ServiceNow AI Releases Apriel-1.5-15B-Thinker: An Open-Weights Multimodal Reasoning Model that Hits Frontier-Level Performance on a Single-GPU Budget
Understanding the Target Audience
The target audience for the ServiceNow AI model release includes AI researchers, data scientists, business managers, and IT decision-makers who are interested in implementing advanced AI solutions. Their pain points often revolve around the high costs and complexity of deploying AI models, as well as the need for models that can operate efficiently within existing infrastructure constraints. Their goals include enhancing operational efficiency, improving decision-making processes, and leveraging AI for competitive advantage. They prefer clear, concise communication that focuses on technical specifications, real-world applications, and measurable outcomes.
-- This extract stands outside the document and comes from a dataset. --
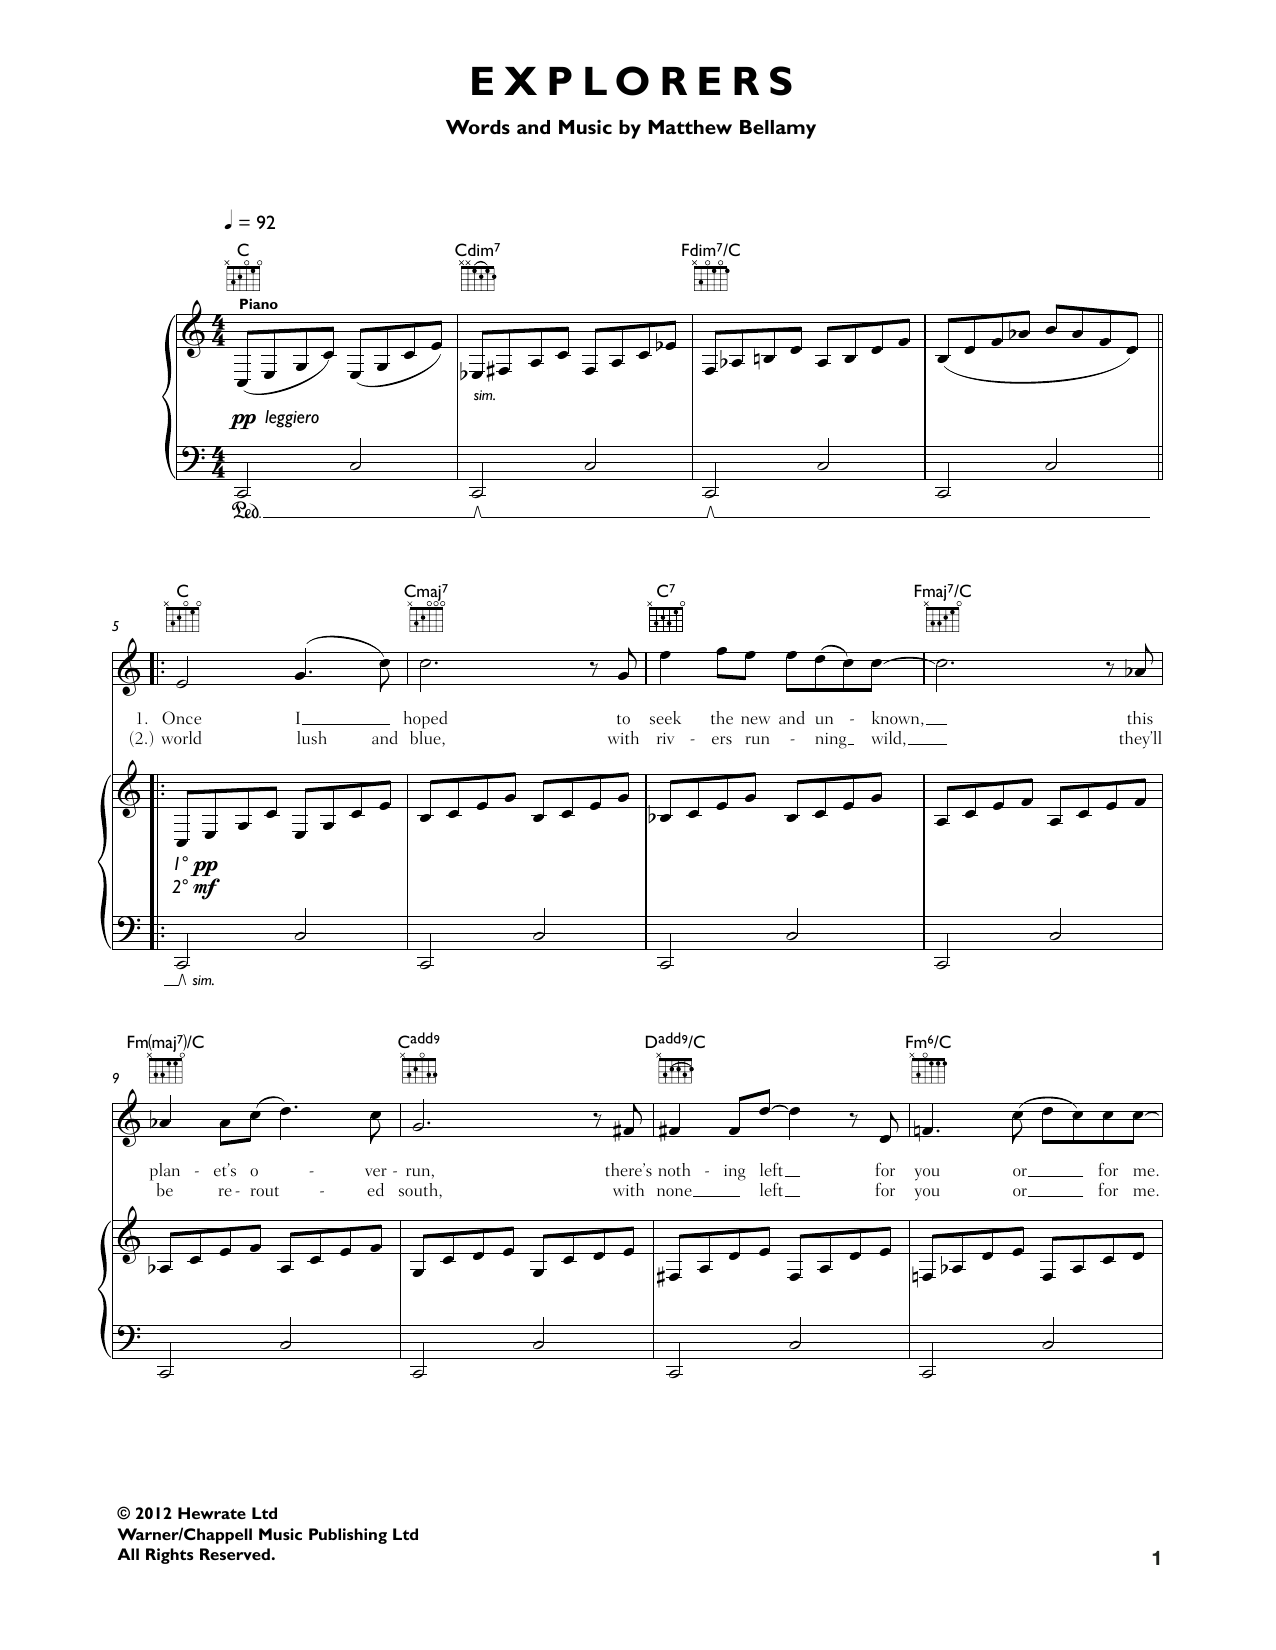 Muse "Explorers" Sheet Music Notes | Download Printable PDF Score 164729

Overview of Apriel-1.5-15B-Thinker
ServiceNow AI Research Lab has released the Apriel-1.5-15B-Thinker, a 15-billion-parameter open-weights multimodal reasoning model. This model is trained using a data-centric mid-training recipe, which includes continual pretraining followed by supervised fine-tuning, and does not utilize reinforcement learning or preference optimization. The model achieves an Artificial Analysis Intelligence Index (AAI) score of 52 while offering 8x cost savings compared to state-of-the-art (SOTA) models. The model is available under an MIT license on Hugging Face.
Key Features
- Frontier-level composite score: The model reports an AAI of 52, matching the performance of DeepSeek-R1-0528 while being significantly smaller.
- Single-GPU deployability: The model is designed to fit on a single GPU, making it suitable for on-premises and air-gapped deployments.
- Open weights and reproducible pipeline: The weights, training recipe, and evaluation protocol are publicly available for independent verification.
Training Mechanism
The training mechanism consists of two primary stages:
- Base and upscaling: The model is built on Mistral’s Pixtral-12B-Base-2409 multimodal decoder-vision stack, with depth upscaling from 40 to 48 decoder layers.
- Continual Pretraining (CPT): Involves mixed text and image data to develop foundational reasoning and understanding, followed by targeted synthetic visual tasks to enhance spatial and compositional reasoning.
- Supervised Fine-Tuning (SFT): Utilizes high-quality instruction data across various domains, merging two additional SFT runs to create the final checkpoint.
Approximately 25% of the depth-upscaling text mix is derived from NVIDIA’s Nemotron collection.
Results and Performance Metrics
The model has demonstrated competitive performance across several key benchmarks:
- AIME 2025: 87.5–88%
- GPQA Diamond: ≈71%
- IFBench: ~62%
- τ²-Bench Telecom: ~68%
- LiveCodeBench: ~72.8%
Using VLMEvalKit for reproducibility, Apriel scores competitively across various benchmarks, including MMMU, LogicVista, MathVision, and others, with particularly strong results on document and diagram understanding as well as text-dominant math imagery.
Conclusion
The Apriel-1.5-15B-Thinker showcases that careful mid-training can yield a competitive AAI score of 52 while ensuring single-GPU deployability. Its combination of open weights, reproducible training recipes, and cost-effective performance positions it as a practical option for enterprises considering advanced AI solutions before investing in larger, closed systems.
The model is available for further exploration at Hugging Face.